§ DATASET:
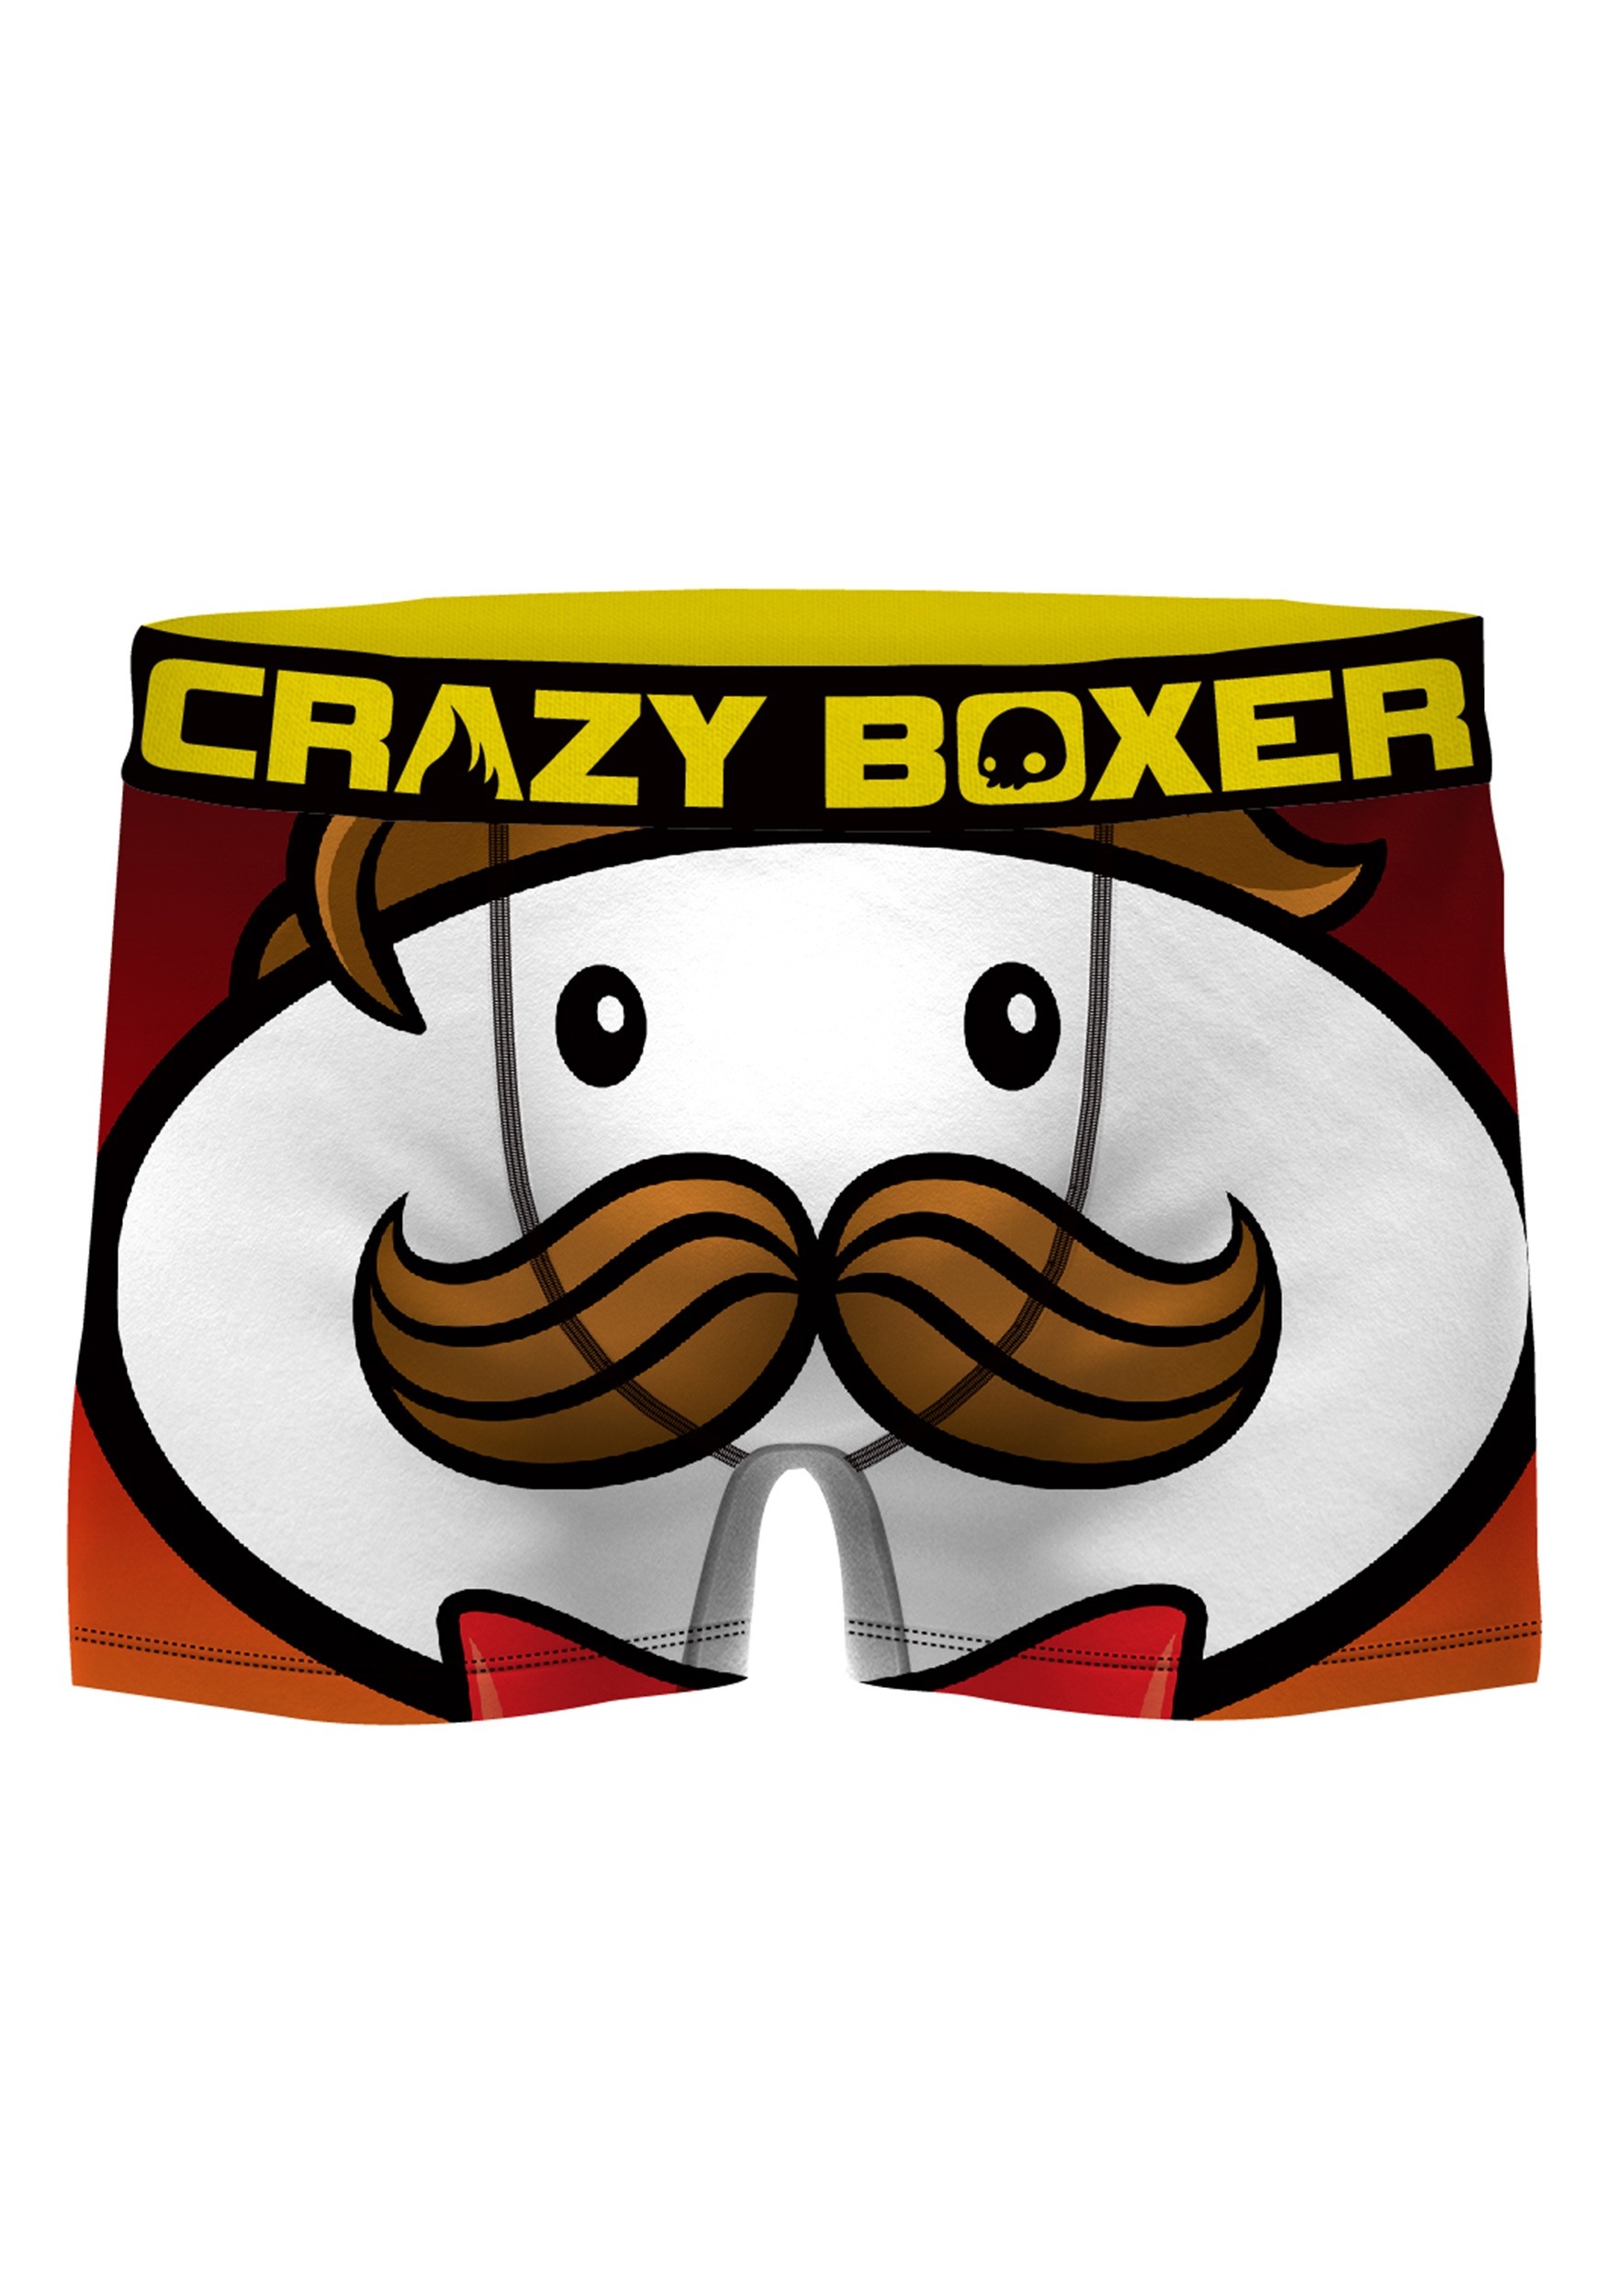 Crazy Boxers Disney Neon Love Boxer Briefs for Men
* * *
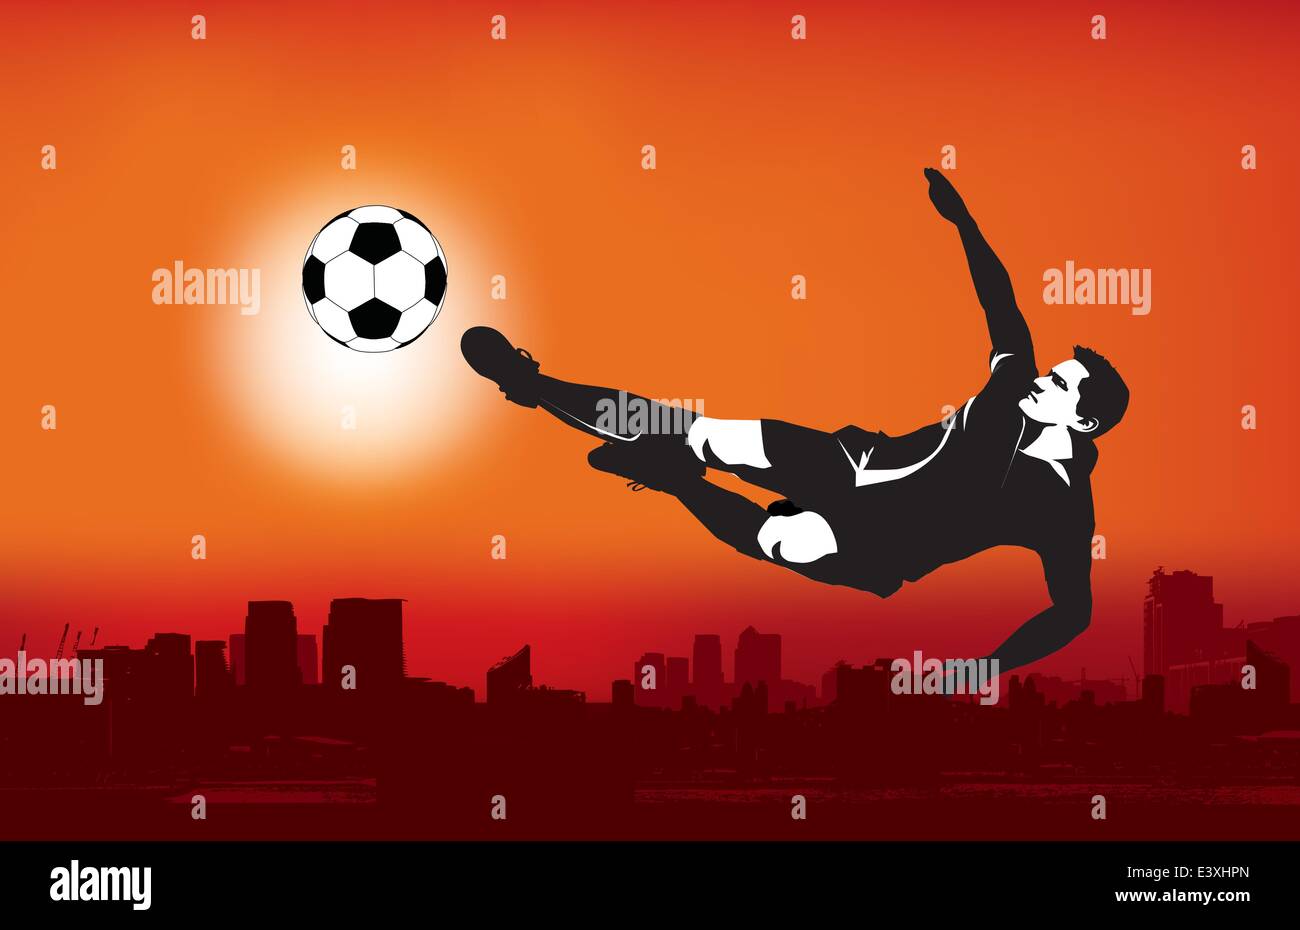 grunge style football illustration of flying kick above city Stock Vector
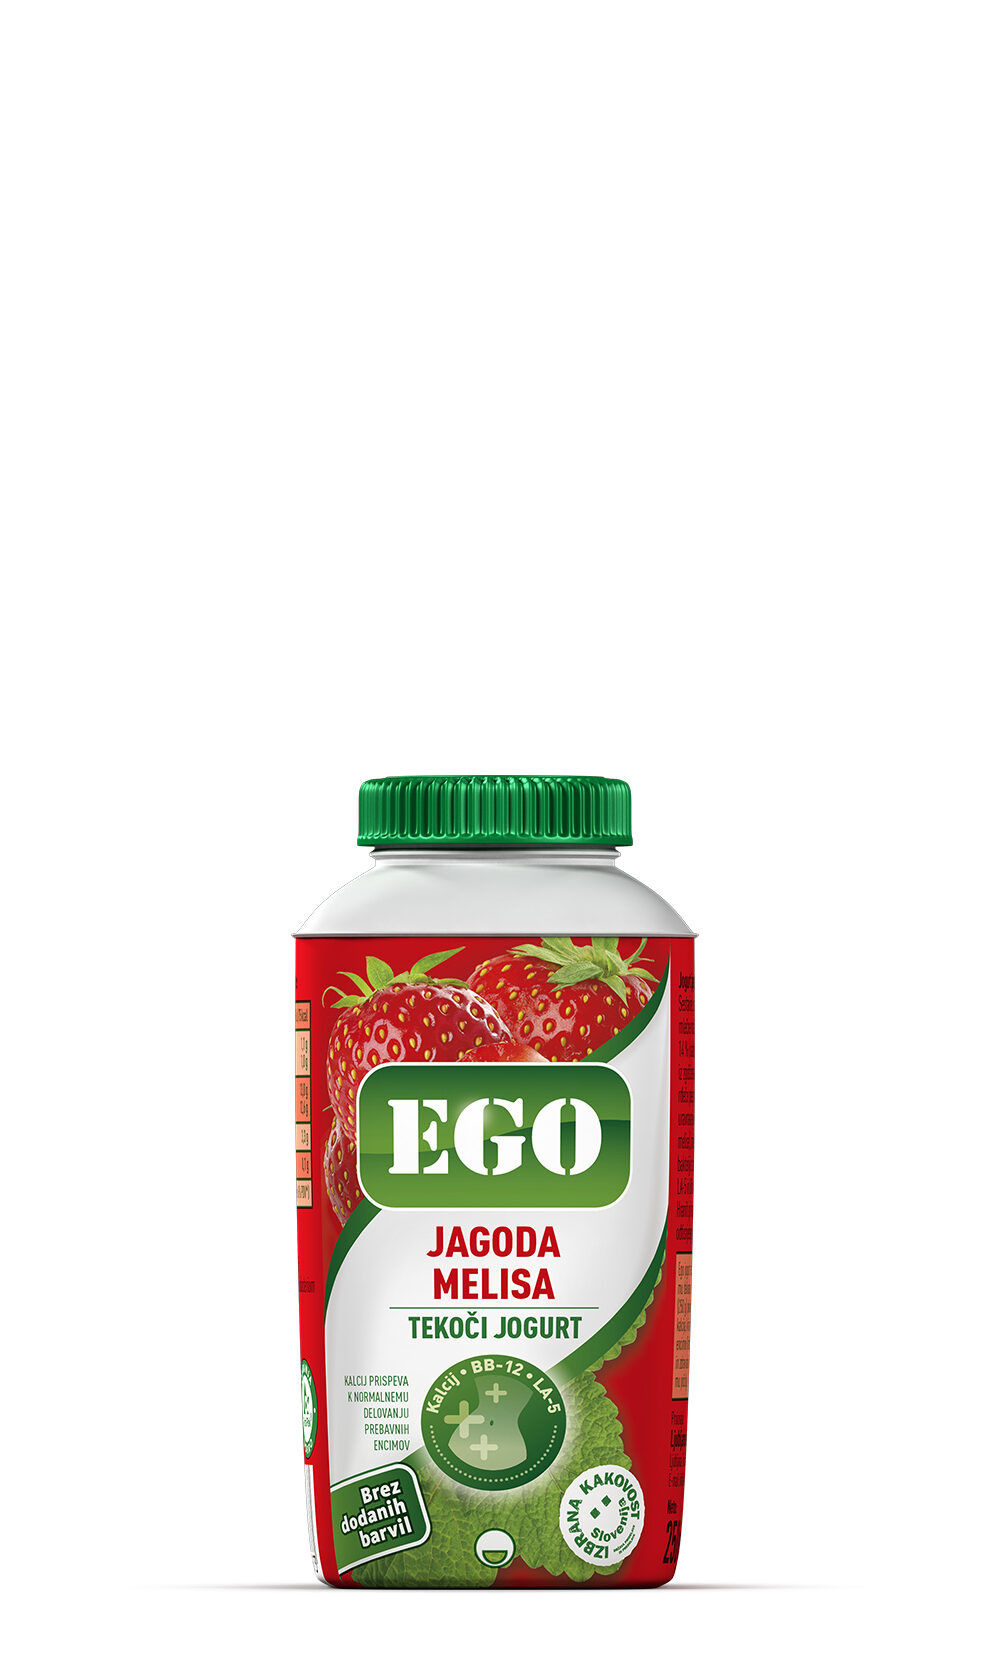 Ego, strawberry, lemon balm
--
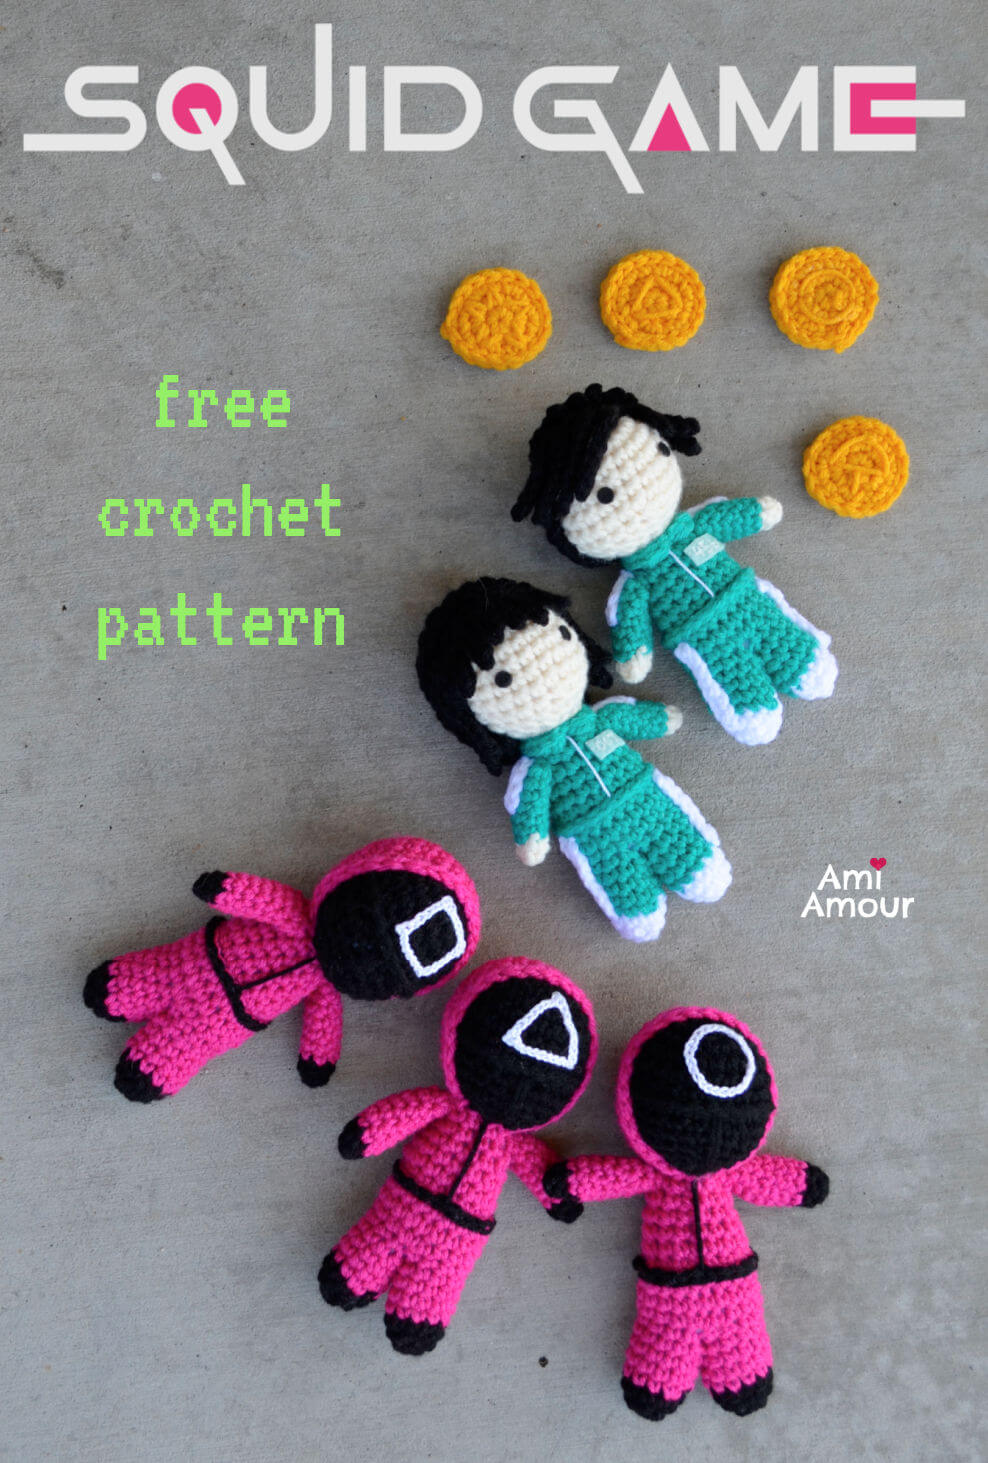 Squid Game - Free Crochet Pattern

§ TASK DESCRIPTION: Every line above from the one with "grunge style football" down to the one with "Ego, strawberry, lemon balm" must be written out exactly, and no picture may appear.

§ RESPONSE TO THIS EXERCISE:
 grunge style football illustration of flying kick above city Stock Vector
 Ego, strawberry, lemon balm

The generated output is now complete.